I don’t know if other cities have it, but Delhi has a tradition of organising rain dances in the hot summer months, mostly at clubs — though if you have a lawn large enough, anyone should be able to do it since all it requires is stringing up a web of pipes overhead that act as shower heads, a dance floor below, some high wattage music, and of course, a generous bar. Twice a year, our club manages to pull it off, though it has been unlucky on several occasions because the artificial rain has coincided with thunderstorms and real rain, robbing the dance of some of its romance and sending party-goers fleeing inwards, since food, or snacks, or even sitting around in the actual rain is hardly an option.
Despite several unseasonal storms in the capital this year, the club managed to pull off both its rain dance nights with aplomb, though in case you think I’m a rain dance junkie, it was only the second of the events for which I rallied together a group of friends, and the children their considerably larger group of friends. If you’re a rain dance virgin, you might think of it as something decadent, and even though there’s a little of the pagan about it, it’s really nothing more than Holi without the colour but with as much water as you might like.

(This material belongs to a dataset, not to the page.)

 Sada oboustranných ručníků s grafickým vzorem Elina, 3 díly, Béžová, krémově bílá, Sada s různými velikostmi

Because we’ve been doing it for some years now, our state of preparation is well documented — towels to rub your hair dry with, a change of clothes for when you’re really drenched, separate plastic Ziplocs for the money, the watches and the mobile phones, and bedsheets to spread across the car seats to avoid getting them damp and smelly. On arrival, chairs and tables are hastily reserved, fans bagged and turned towards the tables, rupees exchanged for coupons with which to buy food and beverages, some surly spoilsport identified to keep vigil over bags and flip-flops and cellphones because he or she won’t dance in or outside the circle of artificial rain, and the cribbers who’ll wonder aloud if it’s the same water that is falling down over everybody that keeps getting circulated over and over again…

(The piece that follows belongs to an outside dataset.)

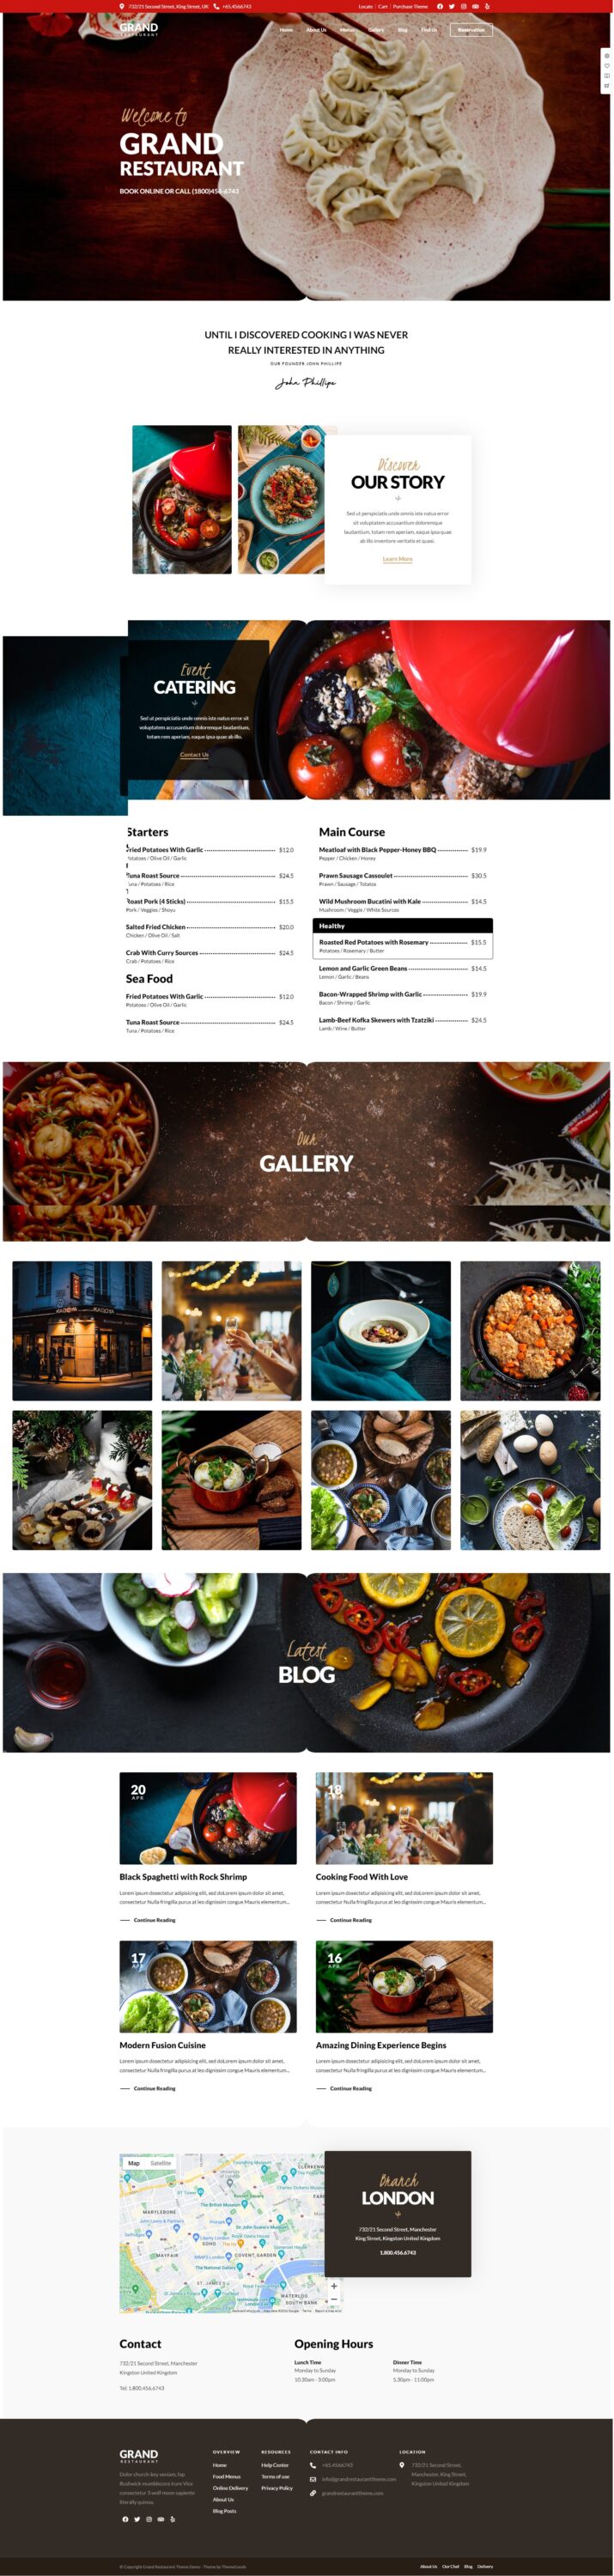 Mẫu website dịch vụ nhà hàng - Grand Restaurant

For all the suggestions of barbaric hedonism, this year’s rain dance was a fairly sedate affair. For starters, no woman in our group wore a white shirt, then complained that the water made it transparent. Nobody got drunk either, or threw up, or cracked dirty jokes, or was unpleasant with the management. The girls went off dancing, and when we saw them next, the music was winding down, the showers running dry, and all they wanted was a lot of food — I can vouch for it that dancing in the rain can leave you cold, exhausted and hungry! The boys appeared more interesting in counting the number of bottles of beer they could down, and ogling the girls, but since no one seemed to mind, even that was okay.
Unlike previous years, or was that at Holi, not one of our friends decided to entertain people by changing in public. There were no accusations of dirty dancing; no one danced on the chairs or tables either. No one attempted cabarets to amuse the non-dancers. Most of the women managed to hold on to their coiffed hair; most men got away with getting just their toes wet, but kept their humour and dry clothes on. “We are truly a cosmopolitan lot,” I addressed my wife later at home, “everyone’s behaviour was exemplary.” “It’s true,” agreed my wife, “the rain dance has become so boring, no one bothers to misbehave any more. I suppose we will now have to find something else to keep the level of excitement in Delhi going.”